Die Gäste finden eindeutig besser ins Spiel und setzen Wolfsburg von Beginn an unter Druck. Gegen phasenweise hilflos wirkende Hausherren steht sich der Ballspielverein zunächst eher mit Abstimmungsproblemen selbst im Weg als Probleme mit der Wölfe-Abwehr zu haben. Nach VW-Arena 23 Minuten sind auch die behoben und man kommt nach einem schönen Spielzug zum FÜhrungstreffer, den der US-Amerikaner Christian Pulisic für den BVB erzielt. Fünf Minuten später heißt es dann auch schon 0:2, als Marc Bartra aus etwas abseitsverdächtiger Position schön ins Eck schlenzt - den zur Spielzeit neu eingeführten Videobeweis kann Schiedsrichter Robert Hartmann wegen technischer Probleme nicht heranziehen.

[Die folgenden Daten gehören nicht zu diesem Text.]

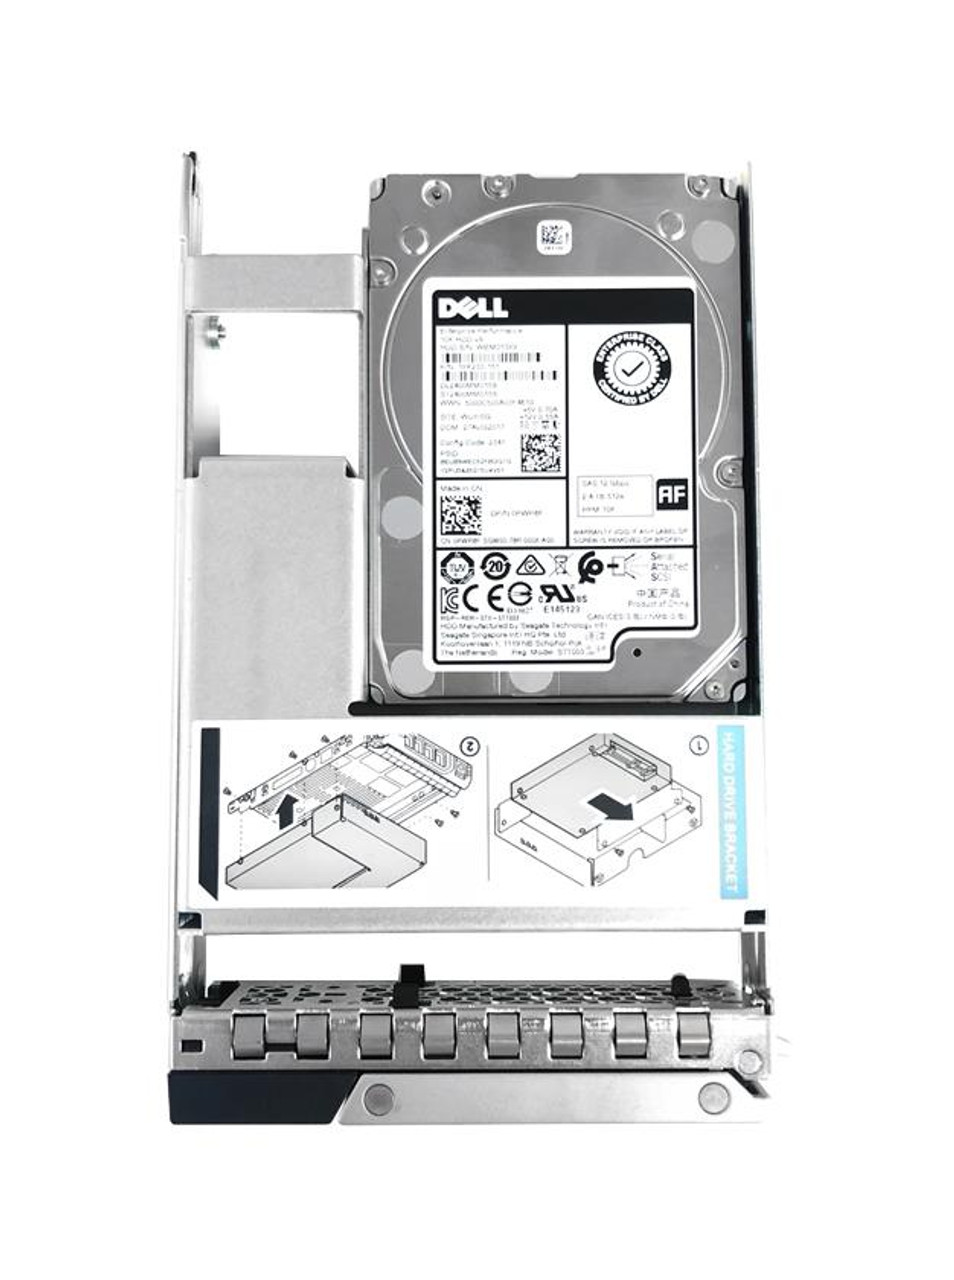 400-AVOH Dell 1.8TB 10000RPM SAS 12Gbps 2.5-inch Internal Hard Drive with 3.5-inch Hybrid Carrier
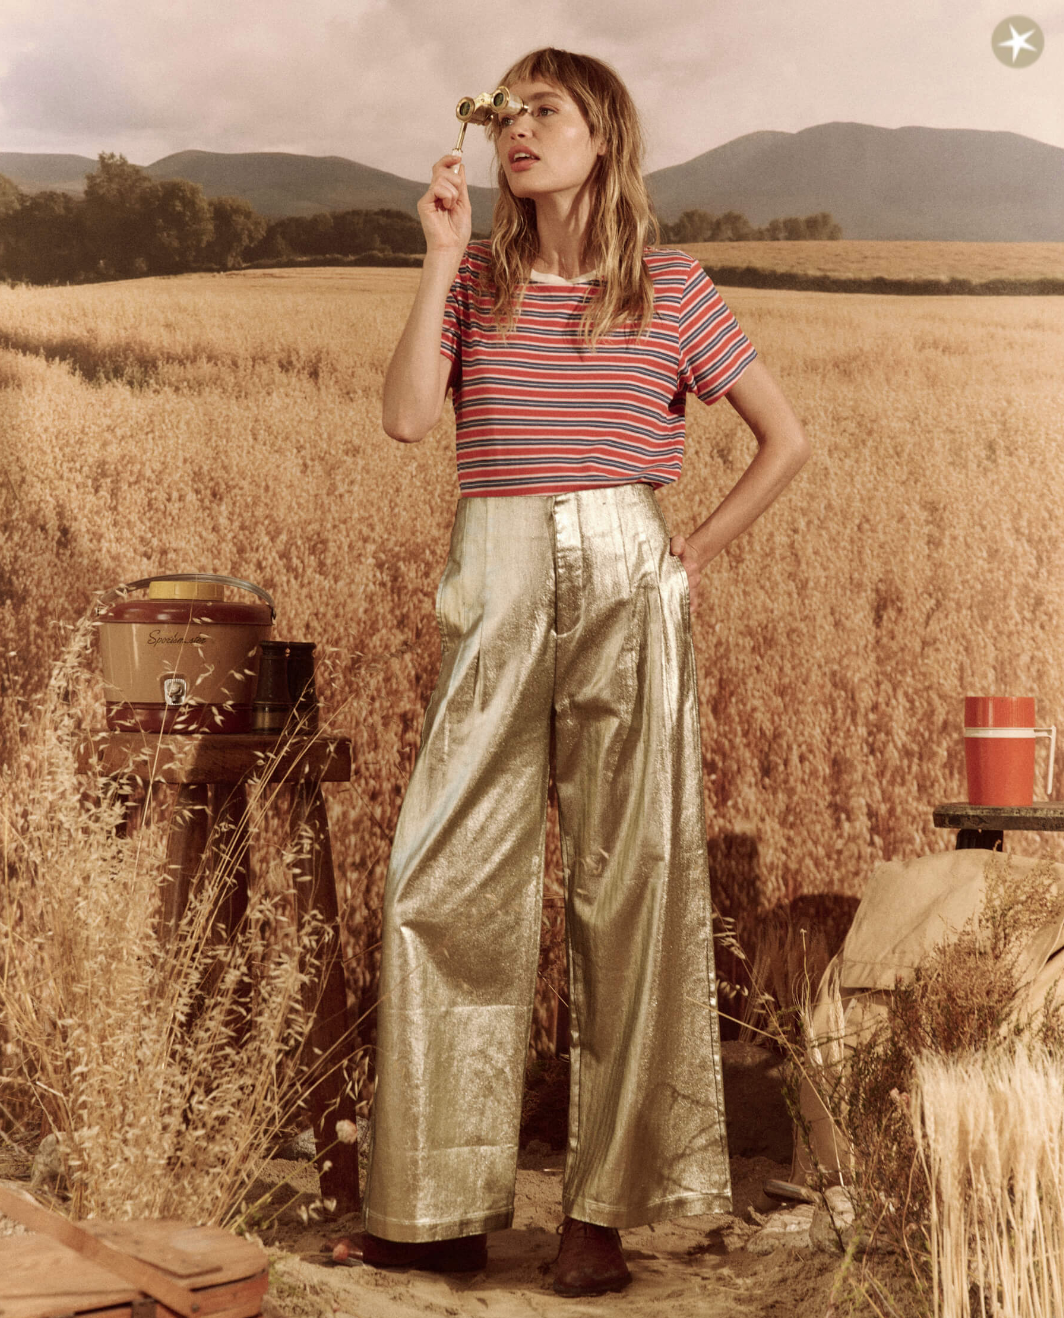 A woman with a short haircut, wearing a striped red and blue top and The Great Inc.'s Sculpted Trouser, stands in an Arizona wheat field, looking through a monocle with a thoughtful expression.

Im zweiten Abschnitt ändern sich die Verhältnisse nicht - Wolfsburg bleibt erschreckend schwach und der BVB diktiert das Geschehen und könnte höher gewinnen als mit dem 3:0, zu dem Pierre-Emerick Aubameyang in der 60. Minute den letzten Treffer beisteuert. Auch so reicht es für den BVB, um als Tabellenführer aus dem Startspieltag zu gehen, was allerdings keinerlei Standortbestimmung ist - zu schwach war der heutige Gegner, der in dieser Form eher in der Abstiegszone zu Hause sein dürfte als in den angepeilten Europapokalplätzen und die heutige Partie sicherlich möglichst schnell vergessen will.

Zum Auftakt präsentieren beide Fanseiten ihre wenig schmeichelhafte Meinung über den DFB, was sich auch über das Spiel hinweg immer wieder einmal in Wechselgesängen zwischen BVB- und WOB-Anhang fortsetzt. In der Folge gibt es vor allem bei den Gästen gute Stimmung - VW-Arena angesichts des Spielverlaufs kein Wunder, während man auf WOB-Seite immer leiser wird und in der letzten Viertelstunde zu einem großen Teil gar nicht mehr anwesend ist, sondern den Heimweg antritt. Bei den Dortmundern ist die Stimmung am Ende sportlich euphorisch, in anderer Hinsicht gab es aber das eine oder andere Haar in der Suppe. So eine (vermutlich nicht von allen als solche empfundene) Auseinandersetzung mit Magdeburg-Fans in der Bahn, eine für viele mühsame Anreise wegen Problemen und Verspätungen auf eben jener Bahnstrecke, Auseinandersetzungen mit dem Ordnungsdienst und der Polizei wegen des Versuchs, Werbebanden mit Transparenten zu überhängen und der Weigerung des Wolfsburger Ordnungsdienstes, als BVB-Anhänger erkennbaren Menschen den Zugang zu im Vorfeld der Partie im benachbarten Sparkassen-Stadion ausgetragenen Spiel der zweiten Mannschaft des VfL gegen den Namensvetter aus Osnabrück.